Vanderbilt Landscaping, LLC recently agreed to pay $18,496 to 42 workers after a WHD investigation found workers were not compensated for visa and transportation costs that reduced their wages below the federal minimum wage. The company also failed to compensate workers for all hours spent on job duties, resulting in them not receiving overtime pay when hours worked exceeded 40 hours in a week. Back wages in that case have been paid to all workers who could be located.

The H-2B program permits employers to temporarily hire nonimmigrants to perform nonagricultural labor or services in the United States. The employment must be of a temporary nature for a limited period of time, such as a one-time occurrence or for seasonal, peak load and intermittent needs. The H-2B program requires the employer to attest to the Department of Labor that it will offer a wage that equals or exceeds the highest of the following: the prevailing wage, the applicable federal minimum wage, the state minimum wage or the local minimum wage. That wage must be paid to the H-2B nonimmigrant worker for the occupation in the area of intended employment during the entire period of the approved H-2B labor certification. The H-2B program also establishes certain recruitment and displacement standards in order to protect similarly employed U.S. workers.
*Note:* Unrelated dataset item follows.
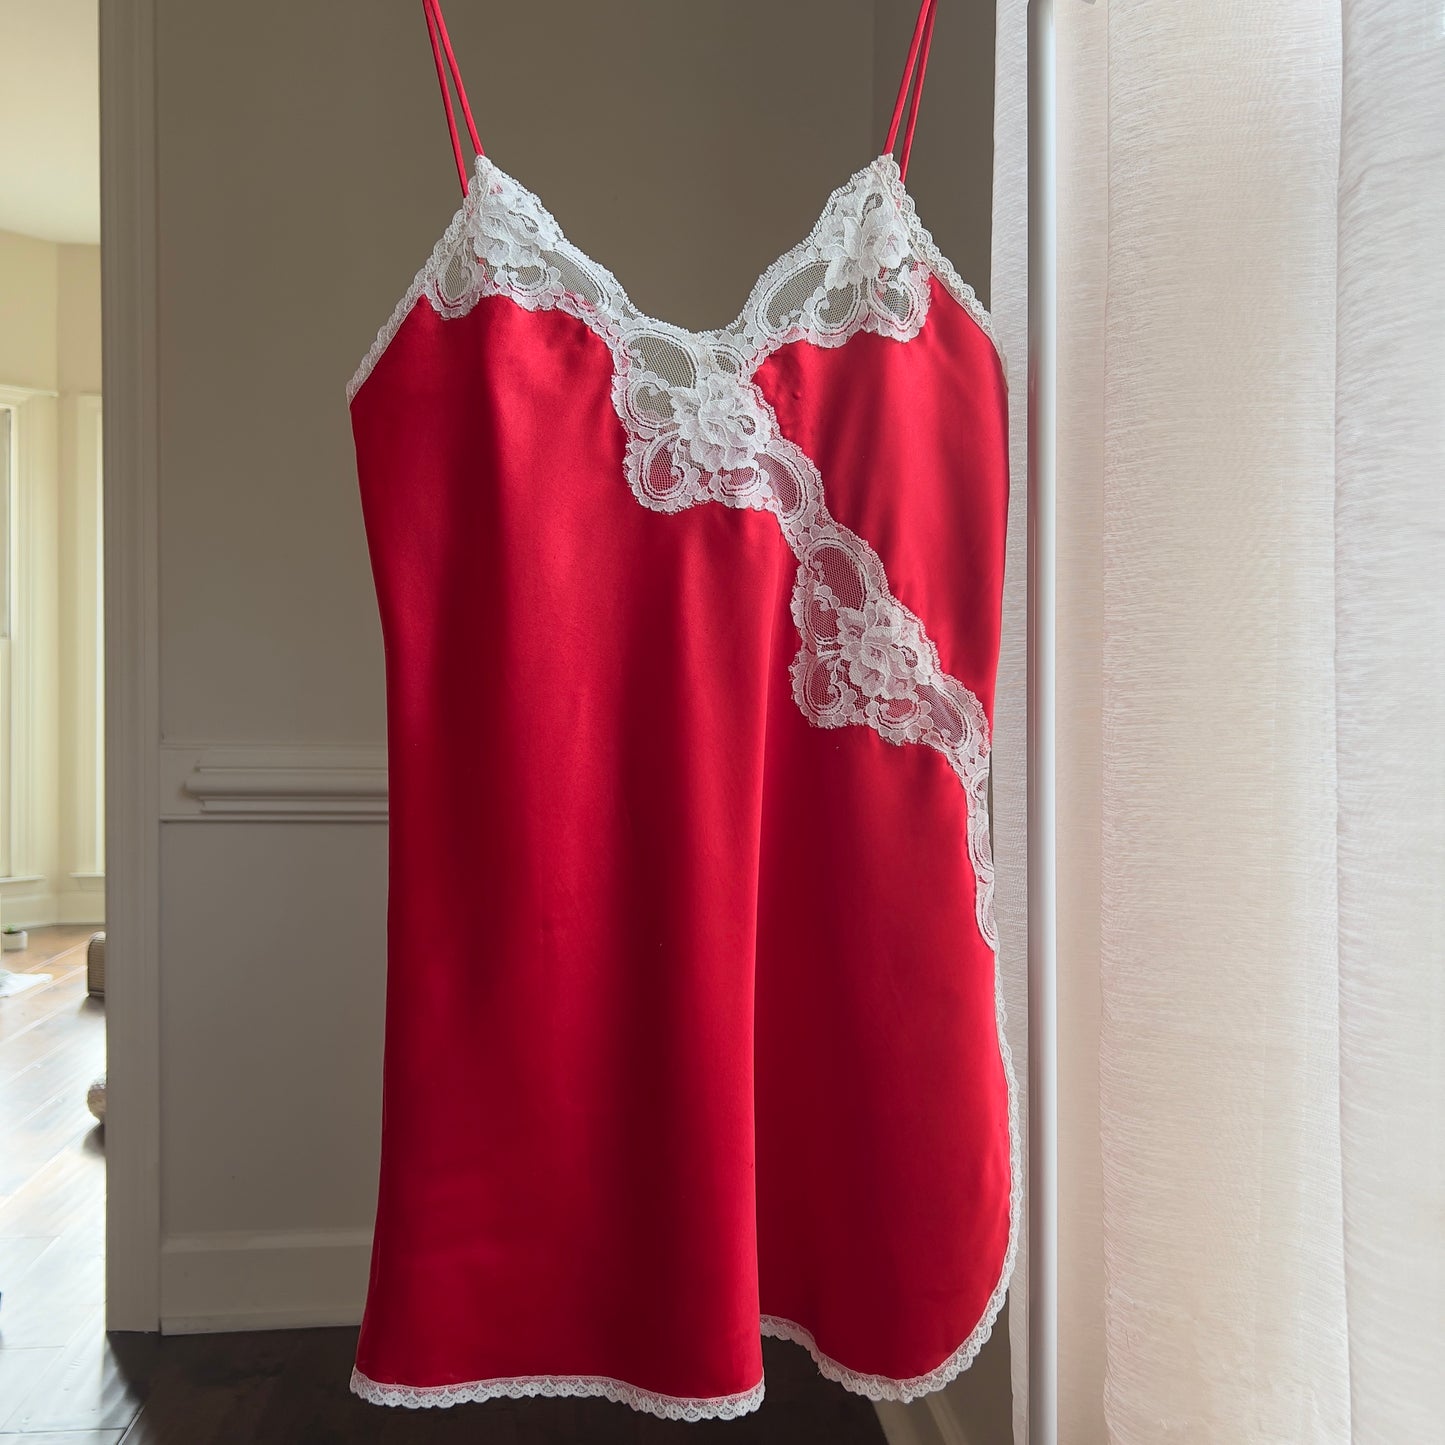 Stunning Satin Red Silk Slip Dress featuring Paisley Lace Cutout

The Fair Labor Standards Act requires that covered employees be paid at least the federal minimum wage of $7.25 per hour as well as time and one-half their regular hourly rates for every hour they work beyond 40 per week. The law also requires employers to maintain accurate records of employees’ wages, hours and other conditions of employment, and prohibits employers from retaliating against employees who exercise their rights under the law.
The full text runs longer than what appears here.